The best compromise is to figure out what hand position you use the most on your favorite non-folding bike, and replicate the relative hand/seat/pedal positions on your folding bike.

BassNotBass 07-22-13 07:21 PM

Quote:

Originally Posted by sreten (Post 15877447)
... Anything compromised for purpose is going to be limited...

I rest my case.

DoubleDiamonDog 07-22-13 07:51 PM

Well, getting back to the original post, Tony N is asking for advice on how to set-up his Dahon Helios SL for all day riding. My thoughts:

Sreten - I don't think putting larger wheels on the bike is realistic. However, you appear to be knowledgable so perhaps you can give him other suggestions.

One question Tony N - by all day riding do you mean covering long distances or meandering a bit - taking breaks, sight seeing?

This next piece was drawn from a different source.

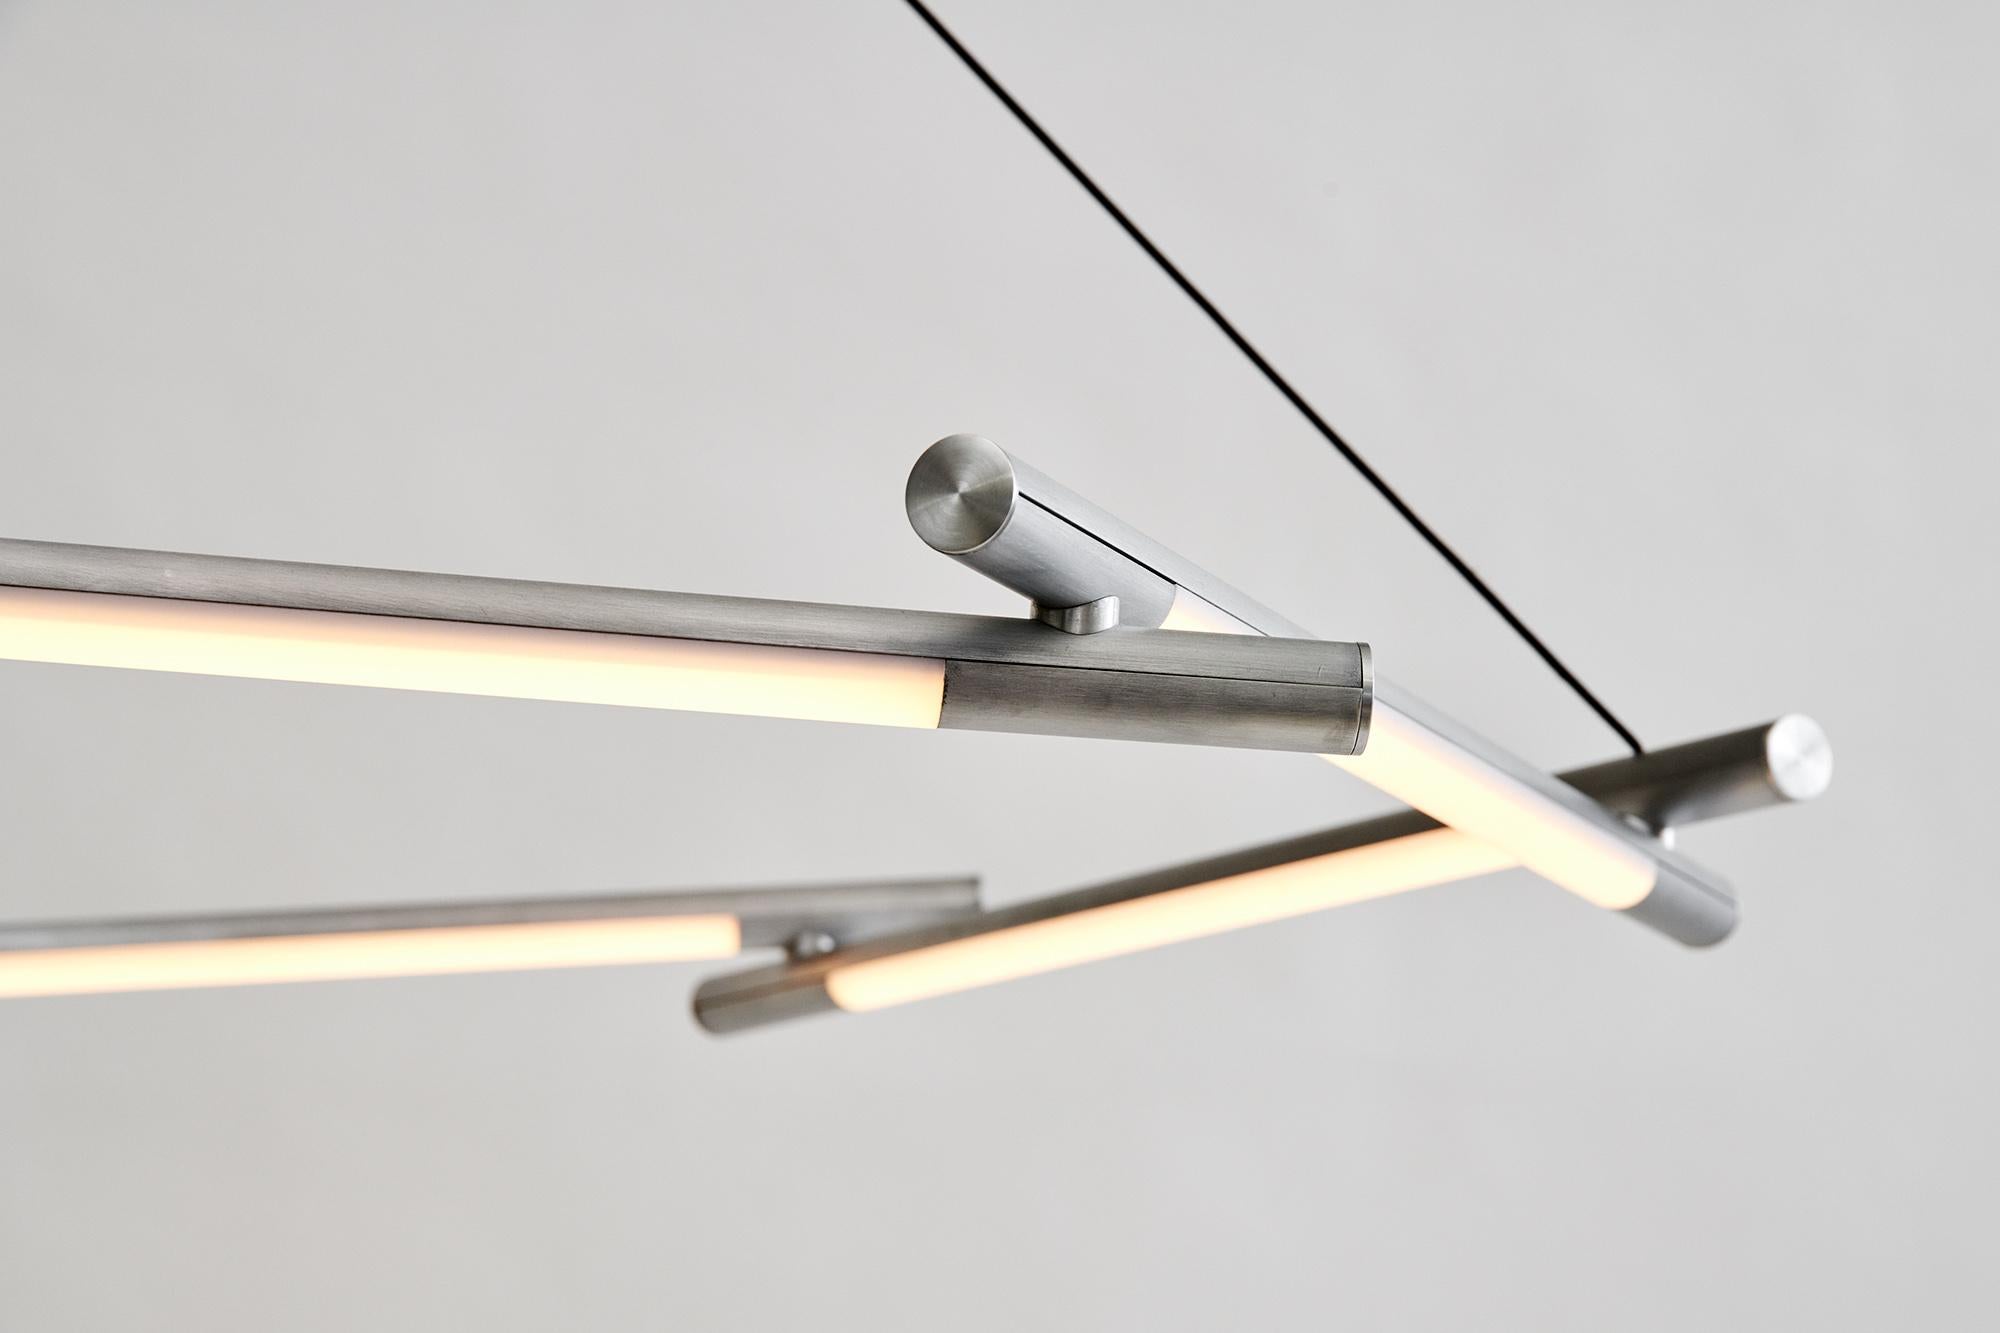 An angular, industrial take on a classic luxury object. A centerpiece to illuminate and elevate any space.
The core design is a set of interlocking extruded aluminum profiles. The dimmable LED source can provide either functional or ambient

If you want to eat up miles you may want to try to achieve a more aerodynamic position. If puttering about, maybe being upright is more comfortable for you. I suppose you will answer that you want to do both. Think about what position will be most comfortable for you for a full day of riding - most people have a pretty good idea of what works best for them - some like drop bars, some can't stand them.

It looks like you have been given good advise to check out Thorusa.